97.01.21


... ET POUR LE PIRE

Le pire est passé. Il reste bien des branches cassées, des toîts à réparer, des fils à remettre en état, mais le pire est passé. Jusqu'à ce que le pire revienne. L'an prochain, dans dix jours ou dans dix ans. On ne sait pas quand le pire reviendra, mais on sait qu'il reviendra. Le pire, cette fois, c'était le verglas, les pannes de courant; mais souvenons-nous que le pire, c'a été aussi les inondations du Lac-St-Jean. Que le pire, la prochaine fois, ce sera peut-être une catastrophe écologique, un tremblement de terre, une épidémie... Le "pire"est inéluctable et, quand vient le temps du pire, c'est là qu'on peut juger d'une société. Une société ne vaut que par la solidarité qu'elle manifeste. Comme un mariage: pour le meilleur ...ou pour le pire.

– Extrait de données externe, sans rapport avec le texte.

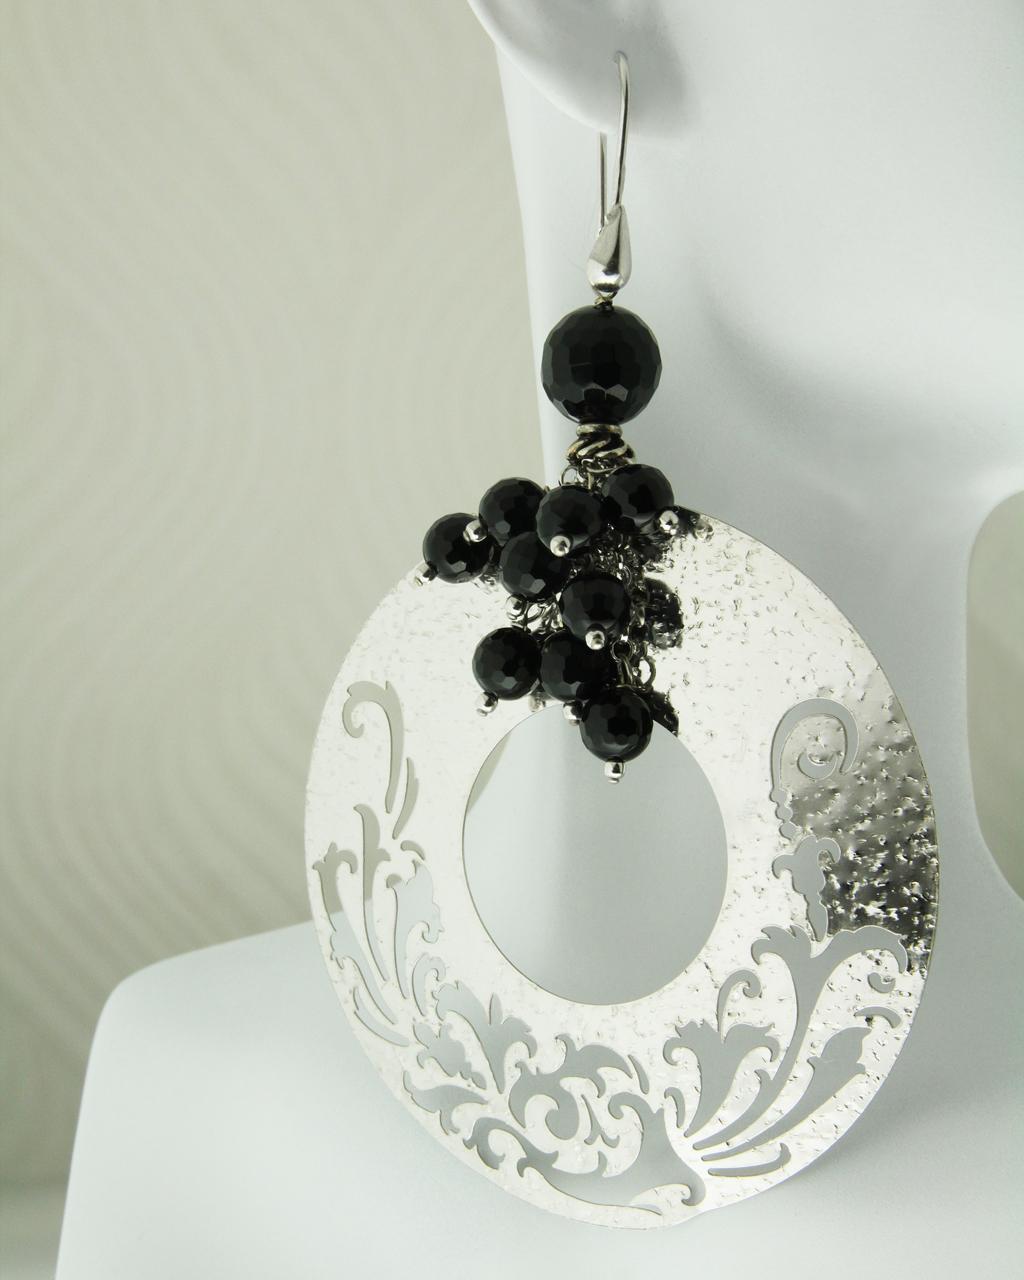 Σκουλαρίκια ασημένια 925 με Όνυχα   γυναικα σκουλαρίκια σκουλαρίκια ημιπολύτιμοι λίθοι

Maintenant qu'on a fait ce qu'il fallait pour résoudre le problème et qu'on commence à y voir plus clair, on en arrive à se demander qui va payer la facture: les victimes seules, ou nous tous ? Est-ce que les Montérégiens et les autres sinistrés vont supporter seuls le poids du malheur, ou TOUS les Québécois vont-ils prendre leur part du coût du désastre?

C'est la question à laquelle on va maintenant essayer de ne pas répondre clairement, comme on n'y a pas répondu lors des événements du Lac-St-Jean, comme on n'y a pas répondu lors des inondations de la Rouge au Manitoba. On va éviter la question en donnant des compensations arbitraires plus ou moins généreuses aux victimes, selon la perception qu'auront les politiciens du désir de la population de leur venir en aide.

A certains ont donnera plus, à d'autres moins, sans vraie raison... et à tous moins qu'ils n'ont perdu; pas par méchanceté ou mesquinerie, mais tout simplement parce que les règles sont inexistantes qui permettraient de définir à combien chacun a droit. On donnera... mais on évitera de dire si oui ou non les victimes ont DROIT à une compensation... et à quelle compensation exactement elles ont droit. On veut bien contribuer, mais on ne veut pas reconnaître le droit de la victime à dédommagement et donc notre responsabilité collective à dédommager.

Pourtant, ne serait-il pas normal, dans une société civilisée, que toute la collectivité soit solidaire des catastrophes NON ASSURABLES qui échoient à tous et chacun de ses membres? Est-ce que cette solidarité ne devrait pas être la pierre d'assise du désir de former une nation, de vivre ensemble, pour le meilleur ou pour le pire? Ce n'est pas une idée nouvelle que cette assurance collective (voir: 5016 ) mais les événements récents en rappelle la nécessité.

Il y a quelque chose de malsain, en effet, à traiter comme une opération discrétionnaire de charité ce qui devrait être le partage automatique des risques et l'étalement sur toute la population du coût des catastrophes qui frappent les uns ou les autres des citoyens. Tous ces risques majeurs spécifiquement exclus des polices d'assurance ordinaires - allant des séismes à la guerre - devraient faire l'objet d'une couverture générale par l'État. La compensation devrait être un droit pour la victime d'une catastrophe. La contribution de tous devrait être l'expression de notre désir de former vraiment une collectivité

En assurant ainsi chacun de ses membres contre les risques non assurables, l'État ferait enfin un pas en avant vers le progrès de la solidarité qui est l'essence de la conscience d'être une nation. Un geste qui marquerait un temps d'arrêt dans le processus nefaste de désintégration de tous les liens sociaux que nous impose le courant néo-libéral actuel.

Un gouvernement qui réagirait de la sorte en allant au secours des victimes de la catastrophe naturelle que nous venons de vivre créerait un peu d'espoir.